Поразительно гнусный вопрос. Я с трудом разлепляю веки, шарю под кроватью и швыряю в Гвоздя ботинок.

– Я так и знал, что не спишь, – увертываясь, констатирует Гвоздь. – Второй ботинок подать?

Я со стоном потягиваюсь, все тело ноет, будто меня протащило не по снегу, а по усыпанному галькой пляжу. Ночью, когда мы возвратились, мама заставила меня подвергнуться осмотру, и Надя, отыскав на моем организме дюжину кровоподтеков и ссадин, намазала их какой-то дрянью.

– Анна Федоровна на работе, овощной сок на столе, размазня в духовке, Надя ушла к Мурату, поскольку ты ей надоел, – трещит Гвоздь. – Ночью вовсю мело, «Бектау» отрезана, на почту очередь, как на канатку, в «Актау» туристы озверели и лают из окон.

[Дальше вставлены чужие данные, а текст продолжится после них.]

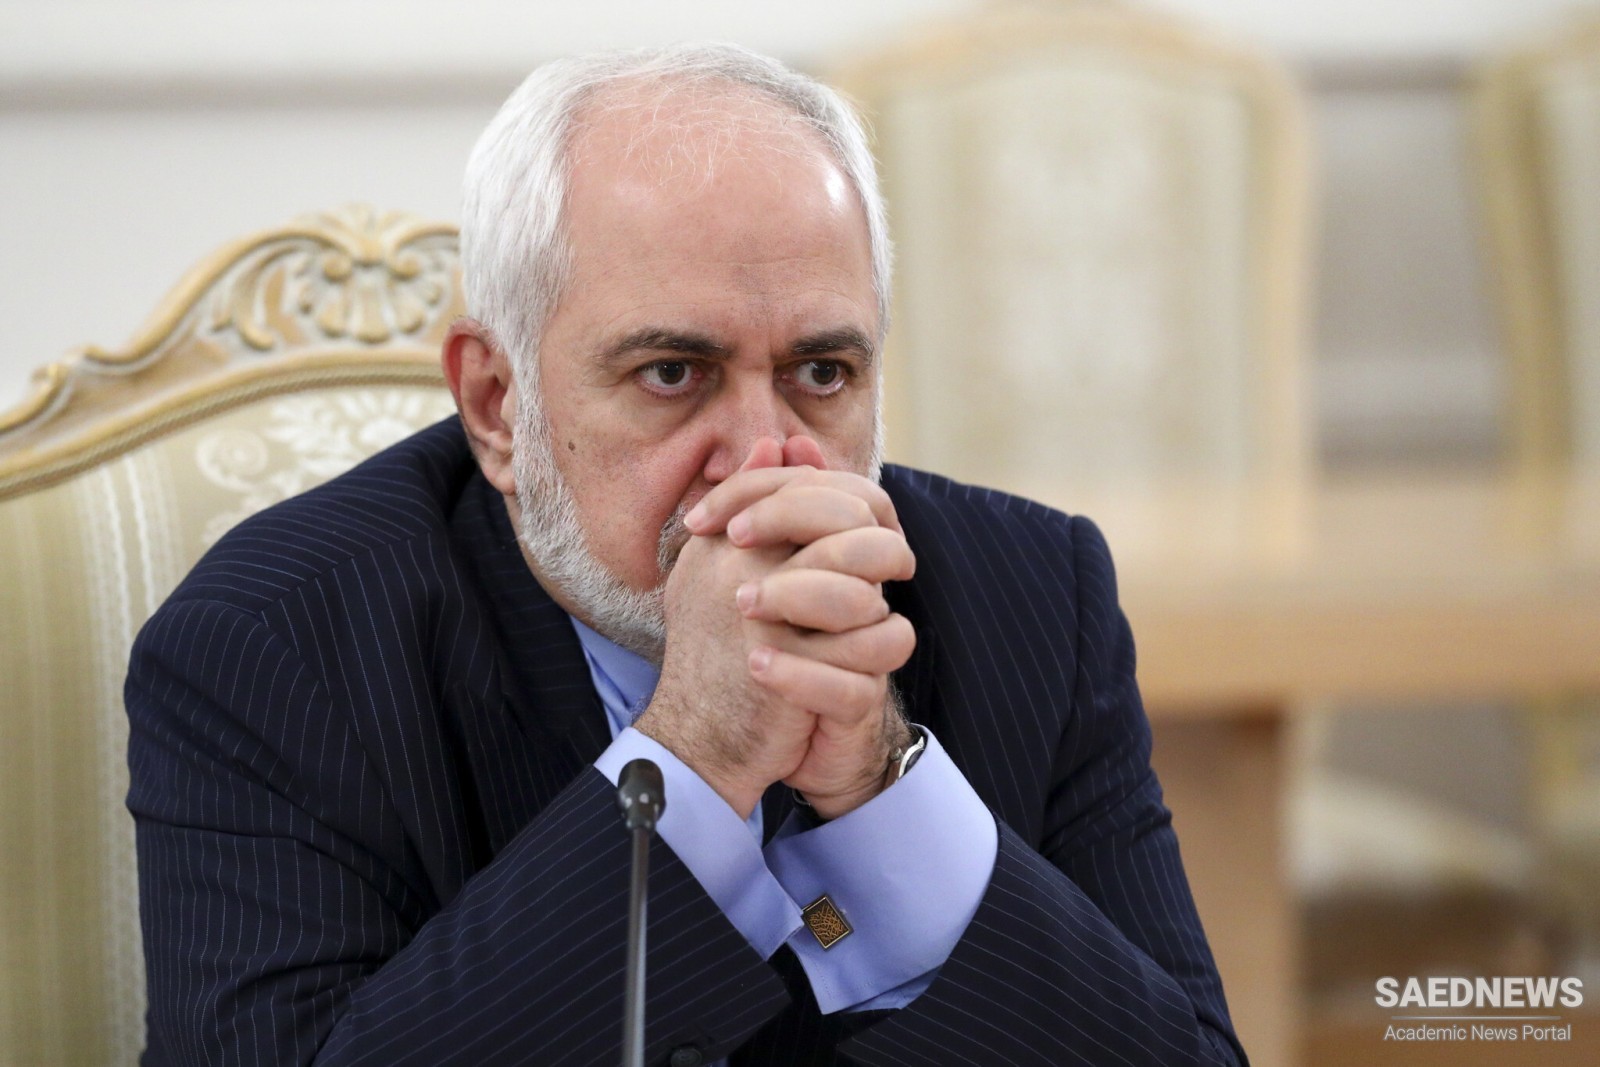 Zarif Reminds E3 of Their Missed Duties Dodged upon Baseless Claims
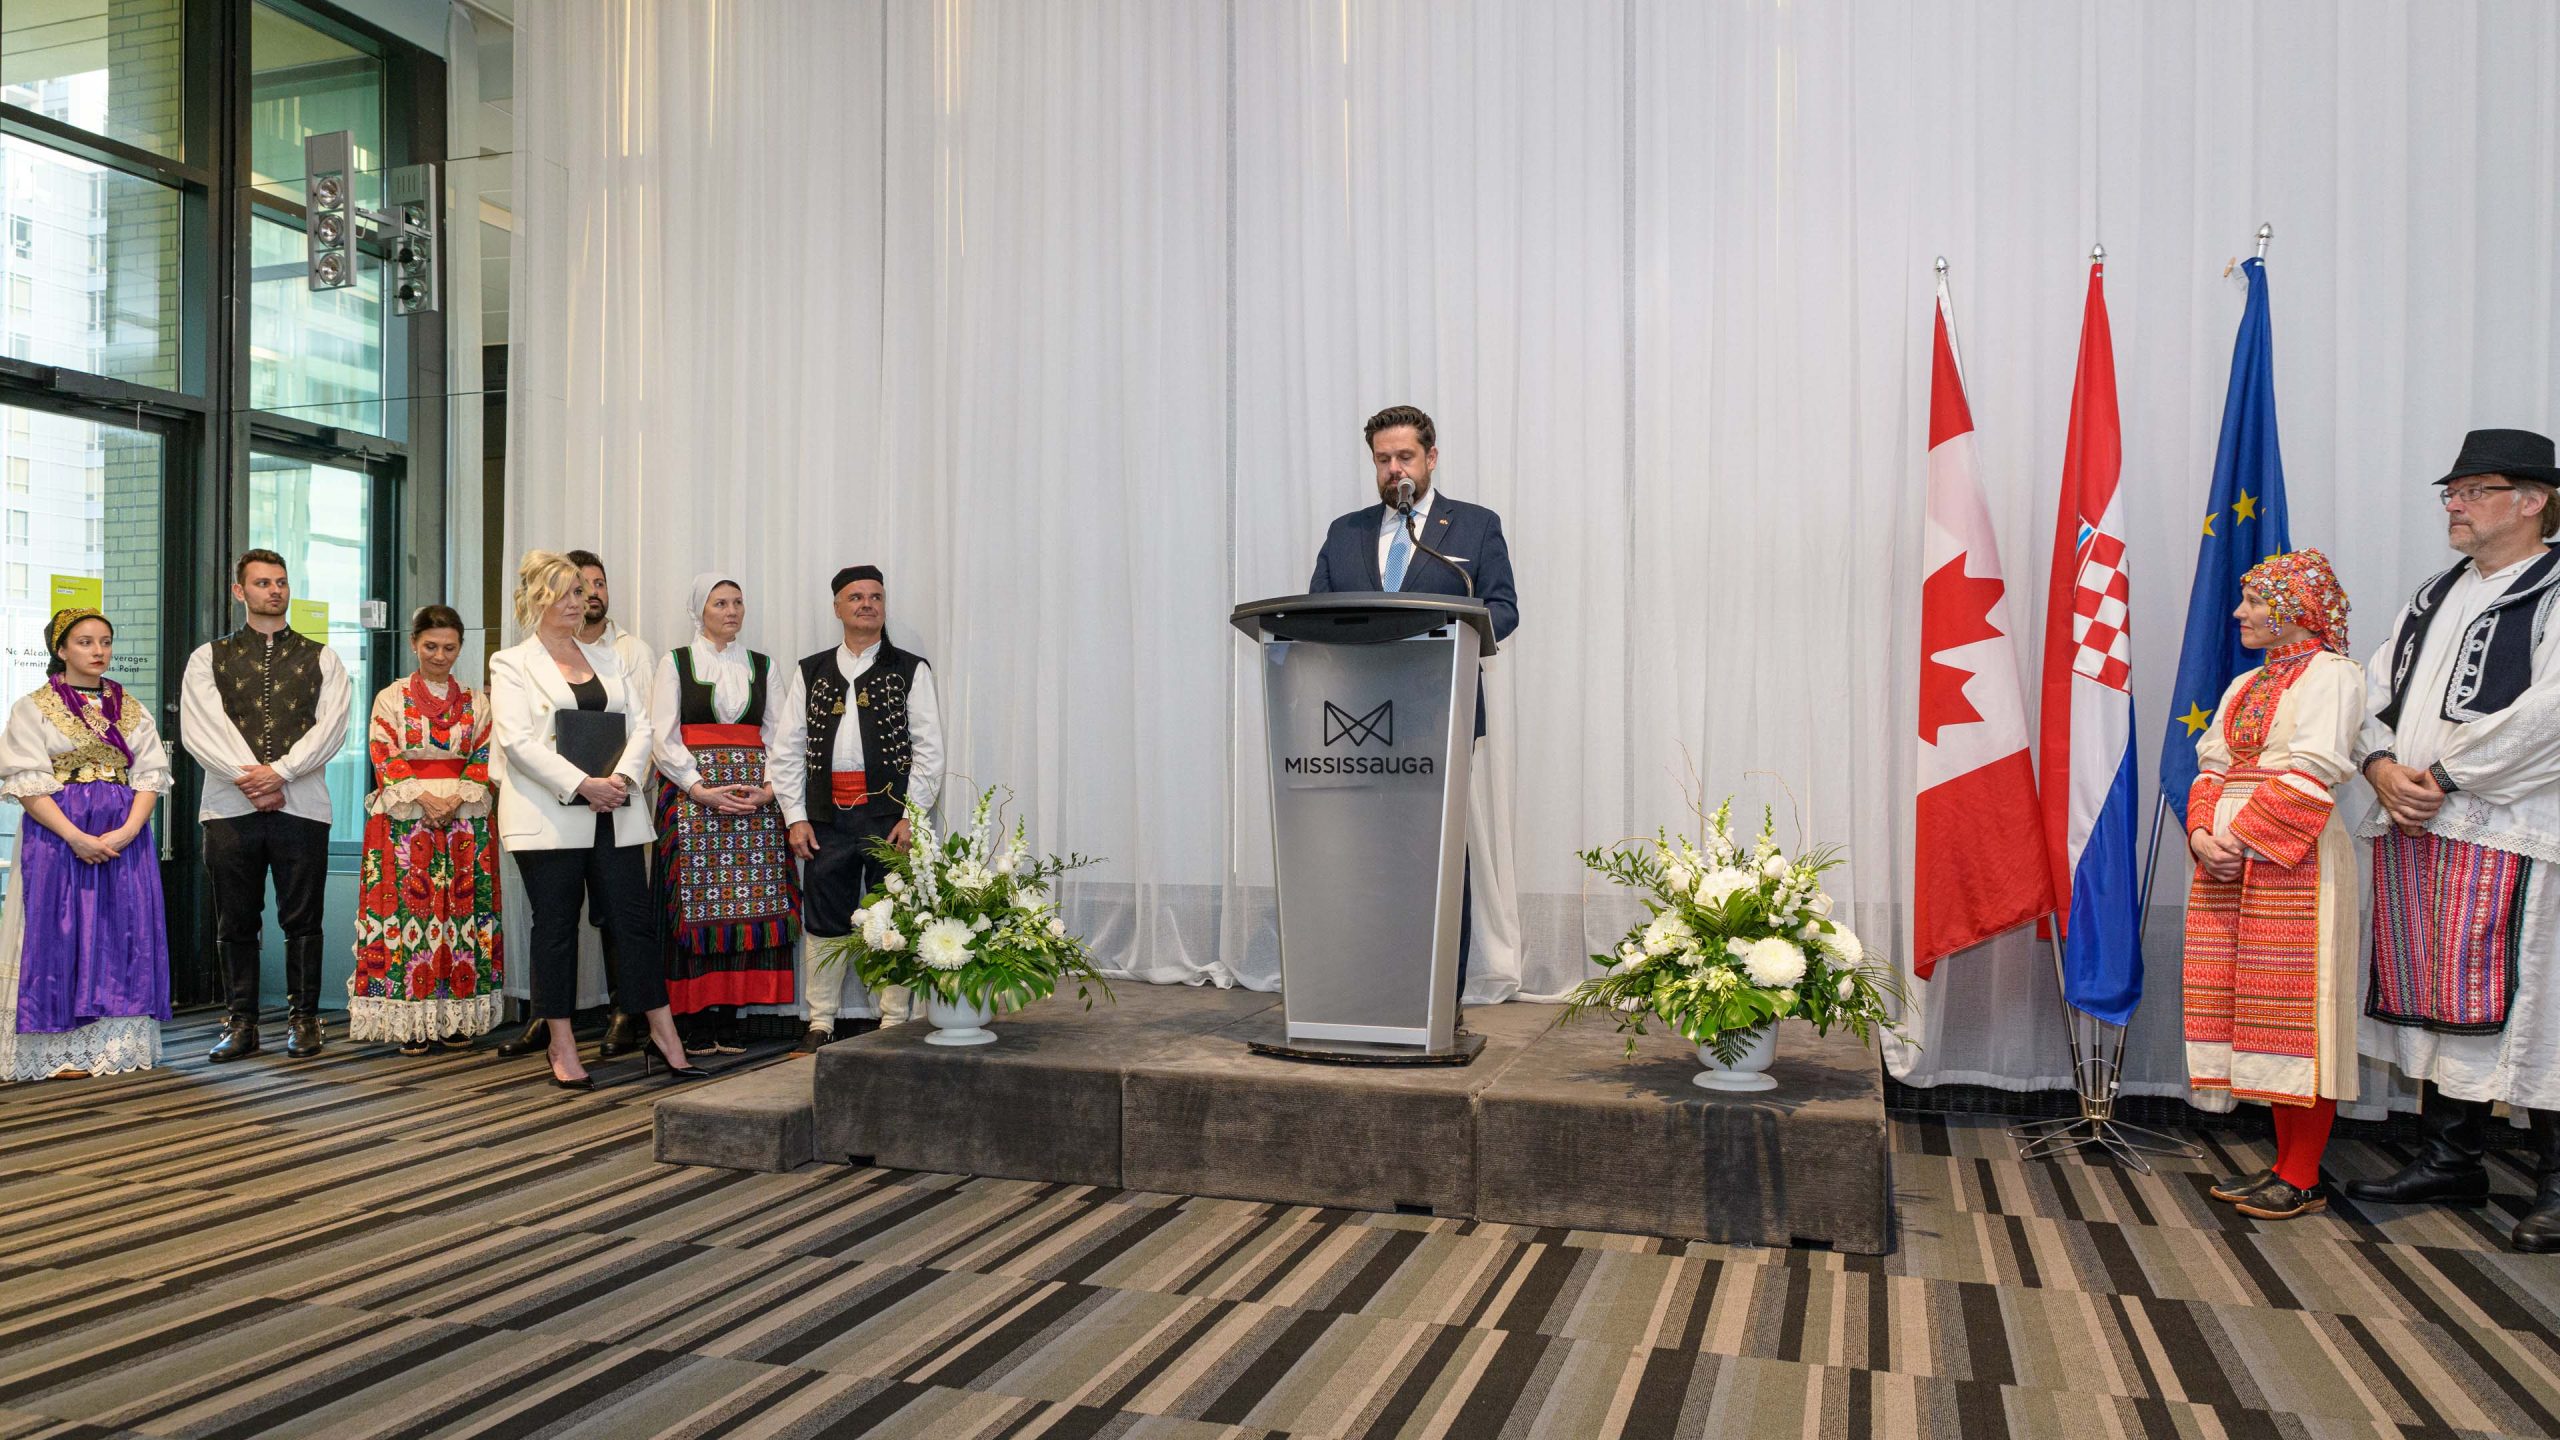 Croatian Statehood Day celebrated in Ontario with Grand Commemoration

Мне смешно, вспоминаю одну байку Олега. Матросы играли в шахматы, проигравший обязан был высунуться в иллюминатор и двадцать раз пролаять: не как-нибудь протявкать, а именно пролаять, с рычанием и воем. Когда пришла очередь Олега, он с ужасом увидел, что на него, перегнувшись через фальшборт, по-отечески ласково смотрит командир корабля. Олег мужественно долаял до конца и двадцать суток сидел без берега.

Я снимаю с клетки покрывало и выпускаю Жулика на свободу. Для начала он осыпает меня бранью, потом кусает за палец и восторженно орет: «Нельзя кусаться! Нельзя, тебе говор-рят!» Этому фокусу я обучал его целую осень.

– Жулье, скажи ему про носки, – злодействует Гвоздь, – а то он опять забудет сменить.

– Заткнись, небр-ритая хар-ря! – каркает Жулик. – Ведьма, хвост вырву! Максим, тебе пор-ра жениться!

Видя, что я одеваюсь, Жулик торопится выболтать весь свой репертуар, знает, что скоро останется один. Летом ему веселее, окно открыто и можно побеседовать с мальчишками, пополнить к новому учебному году их словарный запас (директор школы не раз грозился привлечь Жулика к суду). Я подсыпаю в кормушку овса и проса, доливаю в плошку воды, подсовываю любимое Жуликом лакомство – салатный лист – и выхожу на связь с Левой. Олег меня опередил, все наши новости Леве известны. Он успел прокатиться по гребню до десятой, изучил в бинокль склоны и крайне удивлен тем, что четыре крайние лавины сошли полностью, а в одиннадцатой опустели лишь часть лавиносбора и два из пяти лотков. Впрочем, ночью буран кое-чего туда добавил, подбросил боеприпасов, и лавиносборы четвертой и седьмой переполнены настолько, что пятиметровых снегомерных реек не видно. Ему не скучно, у него все есть, он просит передать ребятам привет и персональный Гвоздю, которого ждет приятный сюрприз: пленку из кассеты, оставленную им на кровати, Ведьма превратила в груду обрывков.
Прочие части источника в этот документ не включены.